Une étude fait le lien entre les nitrates dans l’eau et un risque de démence


Une étude publiée en décembre 2025 dans la revue Alzheimer’s & Dementia révèle que des niveaux de nitrates aussi faibles que 5 mg/L pourraient accroître le risque de démence. Menée sur plus de 54 000 adultes danois suivis jusqu’à 27 ans, cette recherche questionne les seuils réglementaires en vigueur aux États-Unis et en Europe, fixés respectivement à 10 et 50 mg/L. Les auteurs appellent les autorités à réexaminer ces limites face à une exposition chronique de faible intensité.

« C’est la première fois que les nitrates présents dans l’eau potable sont associés à la démence », affirme la docteure Nicola Bondonno. Les nitrates issus des légumes semblent protecteurs grâce aux antioxydants qui favorisent la production d’oxyde nitrique et freinent la formation de N-nitrosamines. Dans l’eau ou la viande transformée, ces garde fous disparaissent. Comme le rapporte The Epoch Times, la professeure Hope Barkoukis rappelle que 80 % de l’exposition provient des végétaux et que, chez l’adulte, l’acidité gastrique limite en principe les effets délétères.

À 5 mg/L, le risque de démence augmenterait de 12 à 16 % par rapport à une eau très faiblement chargée.
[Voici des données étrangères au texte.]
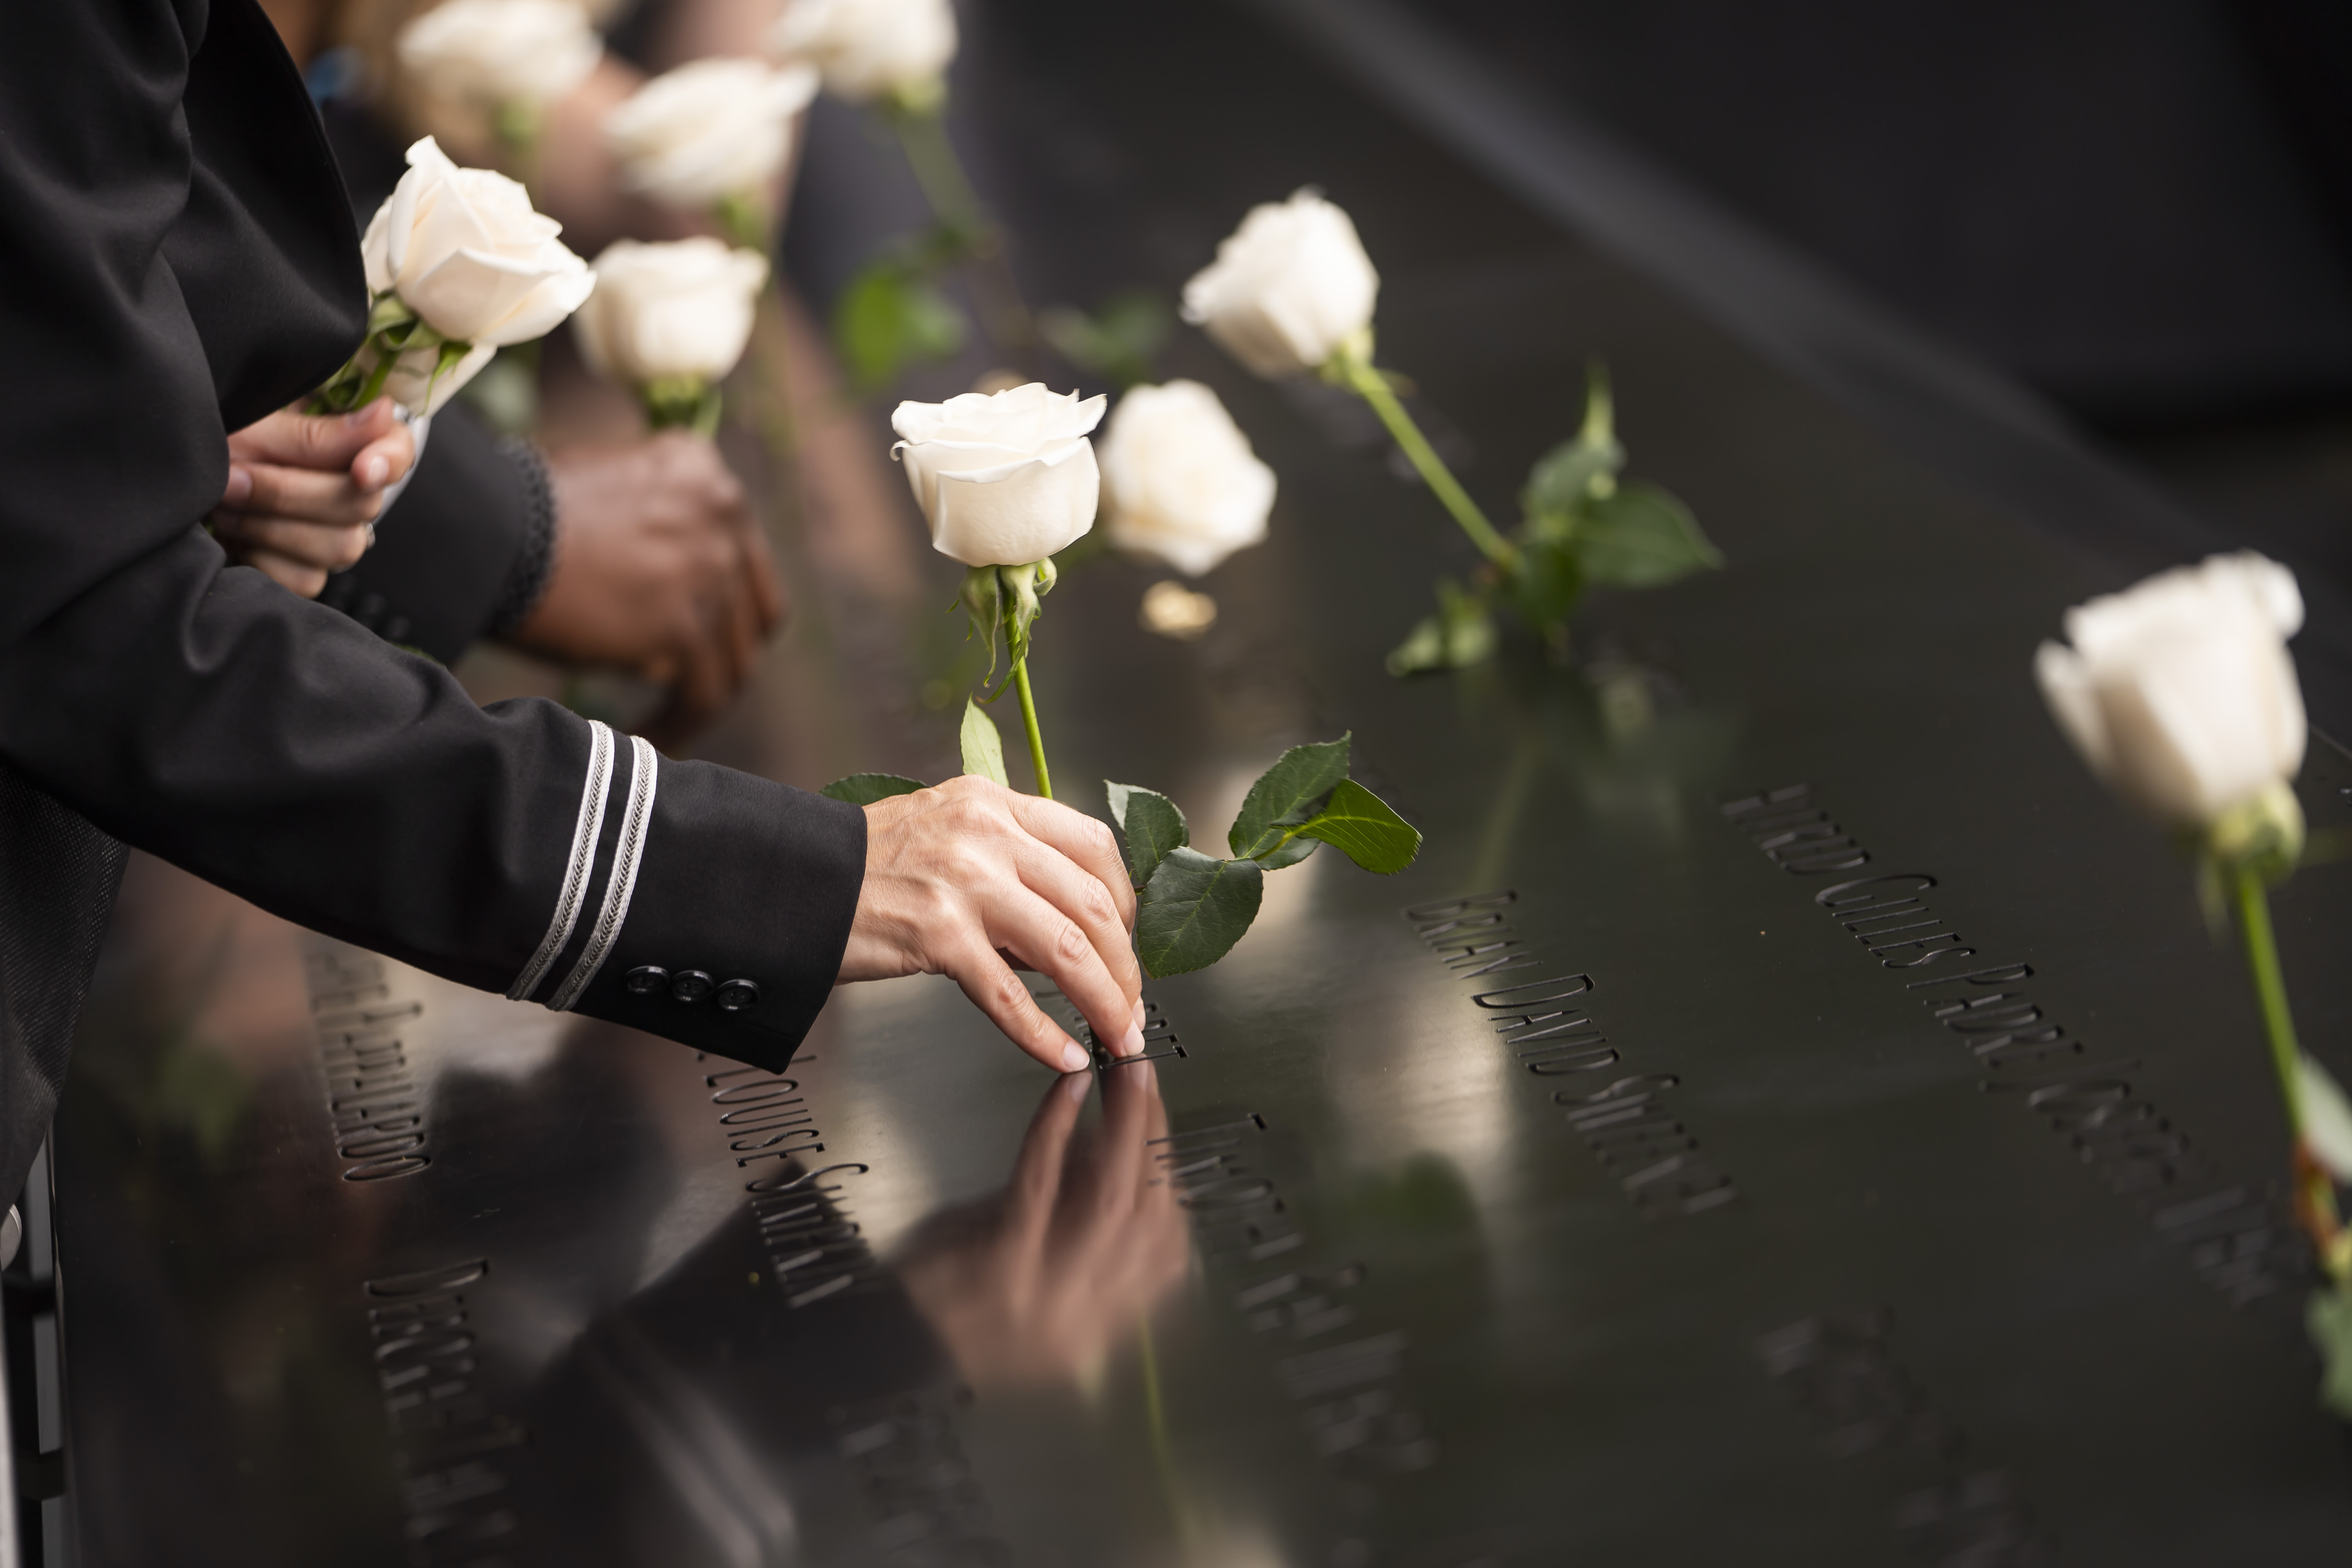 In this close up shot ot the 9/11 Memorial names parapet, a man's arm is shown from the elbow down as he places a white rose inside a victim's name on the Memorial.

L’étude reste observationnelle et ne prouve pas un lien de cause à effet. « Cependant, nos résultats suggèrent que les autorités réglementaires devraient réexaminer les limites actuelles et mieux comprendre les effets d’une exposition prolongée à de faibles doses sur la santé cérébrale », insiste Nicola Bondonno. Sans céder à la panique, les chercheurs recommandent d’analyser l’eau utilisée pour les nourrissons et de privilégier une alimentation riche en légumes et pauvre en viandes transformées.